Hybrid Search

             ┌─{search.py,search.ts}─────────────────────────────────────────────────┐
             │                    ┌─turbopuffer queries────┐                         │
             │                    │  ┌───────────────────┐ │                         │
             │                    ├─▶│  Vector Query 1   │─┤                         │
             │ ┌ ─ ─ ─ ─ ─ ─ ─ ─  │  └───────────────────┘ │  ┌──────┐               │
┌──────────┐ │  Query Rewriting │ │  ┌───────────────────┐ │  │ Rank │   ┌ ─ ─ ─ ─ ┐ │
│User Query│─┼▶│(Language Model) ─┼─▶│  Vector Query 2   │─┼─▶│ Fuse │──▶  Re-Rank   │
└──────────┘ │  ─ ─ ─ ─ ─ ─ ─ ─ ┘ │  └───────────────────┘ │  └──────┘   └ ─ ─ ─ ─ ┘ │
             │                    │  ┌───────────────────┐ │                         │
             │                    ├─▶│   Text Query 1    │─┤                         │
             │                    │  └───────────────────┘ │                         │
             │                    └────────────────────────┘                         │
             └───────────────────────────────────────────────────────────────────────┘

┌─{search.py,search.ts}────────┐
│ ┌──────────┐                 │
│ │   User   │                 │
│ │  Query   │                 │
│ └─────┬────┘                 │
│       ▼                      │
│ ┌─turbopuffer queries──┐     │
│ │ ┌────────────────┐   │     │
│ ├▶│ Vector Query 1 │───┤     │
│ │ └────────────────┘   │     │
│ │ ┌────────────────┐   │     │
│ ├▶│ Vector Query 2 │───┤     │
│ │ └────────────────┘   │     │
│ │ ┌────────────────┐   │     │
│ ├▶│  Text Query 1  │───┤     │
│ │ └────────────────┘   │     │
│ └──────────┬───────────┘     │
│            ▼                 │
│    ┌────────────┐            │
│    │ Rank Fuse  │            │
│    └─────┬──────┘            │
│          ▼                   │
│    ┌────────────┐            │
│    │  Re-Rank   │            │
│    └────────────┘            │
└──────────────────────────────┘

To improve search quality, multiple strategies can be used together. This is commonly referred to as hybrid search.
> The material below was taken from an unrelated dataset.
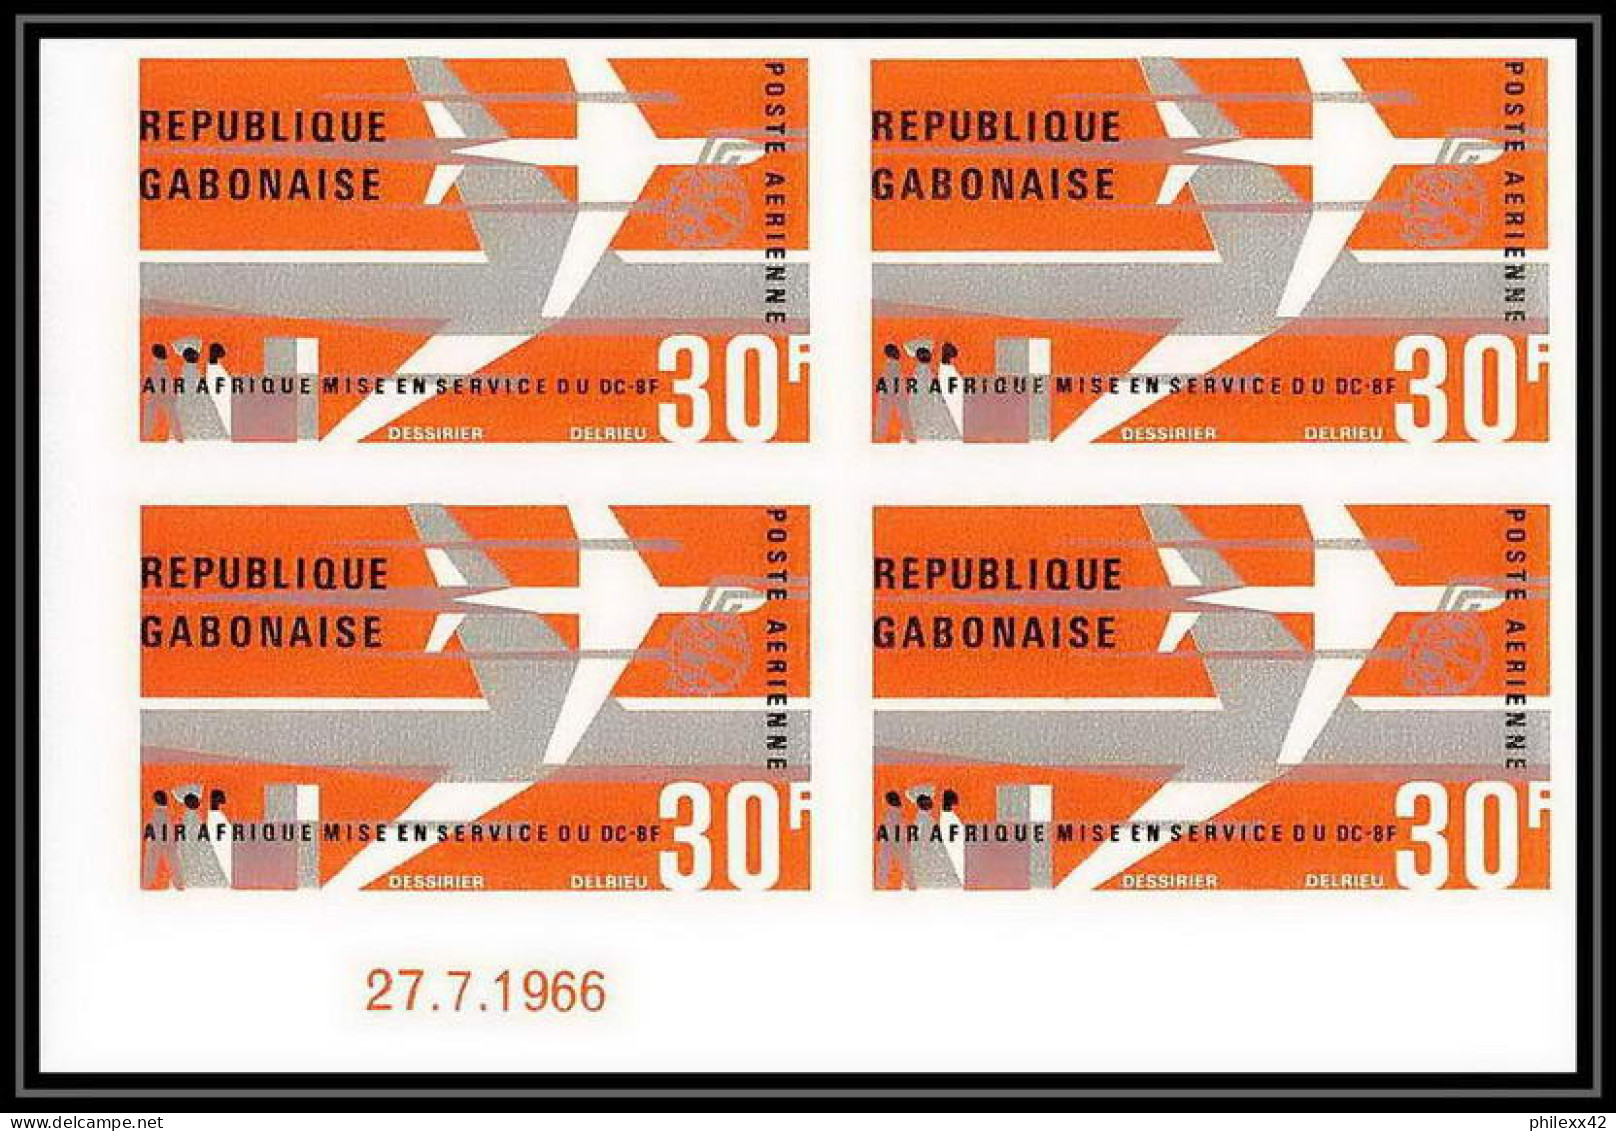 92105 Gabon (gabonaise) Poste Aérienne PA N°49 Avion Dc-8f Air Afrique 1966 Coin Daté Non Dentelé Imperf ** MNH Aviation - Emissions Communes

turbopuffer supports vector search and BM25 full-text search. Combining them produces semantically relevant search results (vectors), as well as results matching specific words or strings (i.e. product SKUs, email addresses, weighing exact keywords highly).

Keep search logic in {search.py, search.ts}. Use turbopuffer for initial retrieval to narrow millions of results to dozens for rank fusion and re-ranking.

To improve search results further, we suggest:

Using a re-ranker (such as Cohere, MixedBread, or Voyage)
Building a test suite of queries and ideal results, and evaluate NDCG (blog post)
Building a query rewriting layer (LlamaIndex resource)
Trying various chunking strategies (LangChain resource)
Trying contextual retrieval, or otherwise rewriting the chunks to be embedded
Adding additional multi-modal data to query, e.g. embeddings of the images (Cohere image model, Voyage image model)